What we want to focus on here is to understand how this works instead of blindly rewriting assembly.
We will start from first lines:
ps_5_0
0: mad r0.x, cb3[0].y, l(-0.100000), l(1.000000)
1: mul r0.yz, cb3[1].xxyx, l(0.000000, 0.050000, 0.050000, 0.000000)
2: mad r1.xy, v1.xyxx, cb0[1].zwzz, -cb3[2].xyxx
3: dp2 r0.w, r1.xyxx, r1.xyxx
4: sqrt r1.z, r0.w
The "0" line is something i called "zoom factor", you'll see why in a minute.

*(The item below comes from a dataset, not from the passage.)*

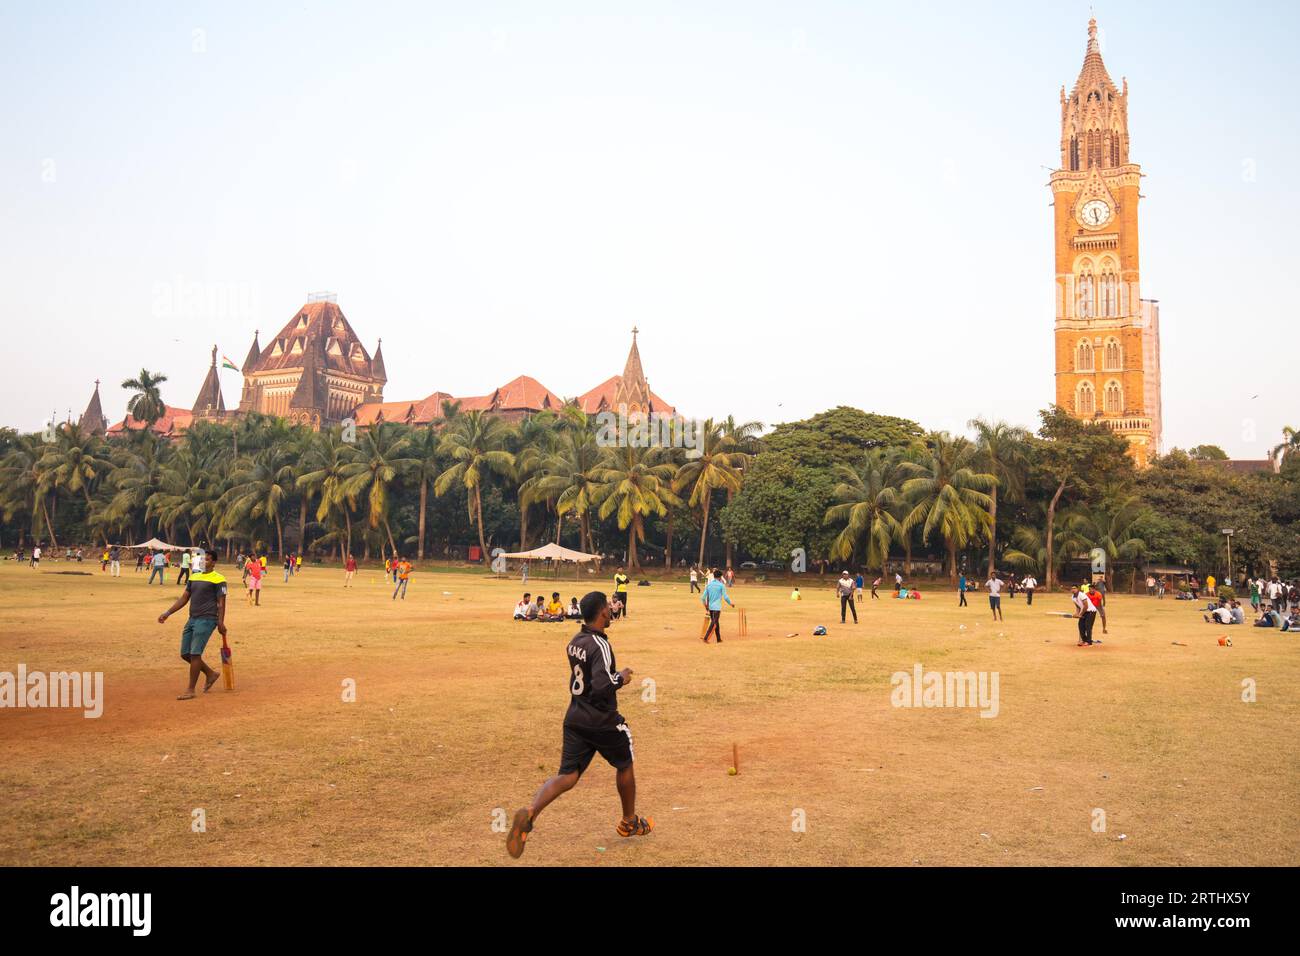 MUMBAI, INDE, novembre 5 2017 : les habitants jouent au cricket sur le célèbre terrain de loisirs Oval Maidan par une chaude journée d'été à Mumbai, en Inde Banque D'Images

Right after that (line 1), we calculate "rotation offsets". It's just input sin/cos pair multiplied by 0.05.
Lines 2-4: At first, we calculate vector from effect center to texture uv. Then we calculate it's squared distance (3) and regular distance (4) (from center to texel)
Zoomed texture coordinates
8: mul r2.xyzw, r0.yzyz, r1.zzzz
9: mad r2.xyzw, r1.xyxy, r0.xxxx, -r2.xyzw
10: mul r3.xy, r0.xxxx, r1.xyxx
11: mad r3.xyzw, r0.yzyz, r1.zzzz, r3.xyxy
12: add r3.xyzw, r3.xyzw, cb3[2].xyxy
13: add r2.xyzw, r2.xyzw, cb3[2].xyxy
Since they're packed this way, we can safely analyse only one pair of floats.
For start, r0.yz are "rotation offsets", r1.z is distance from center to texel, r1.xy is vector from center to texel and r0.x is "zoom factor".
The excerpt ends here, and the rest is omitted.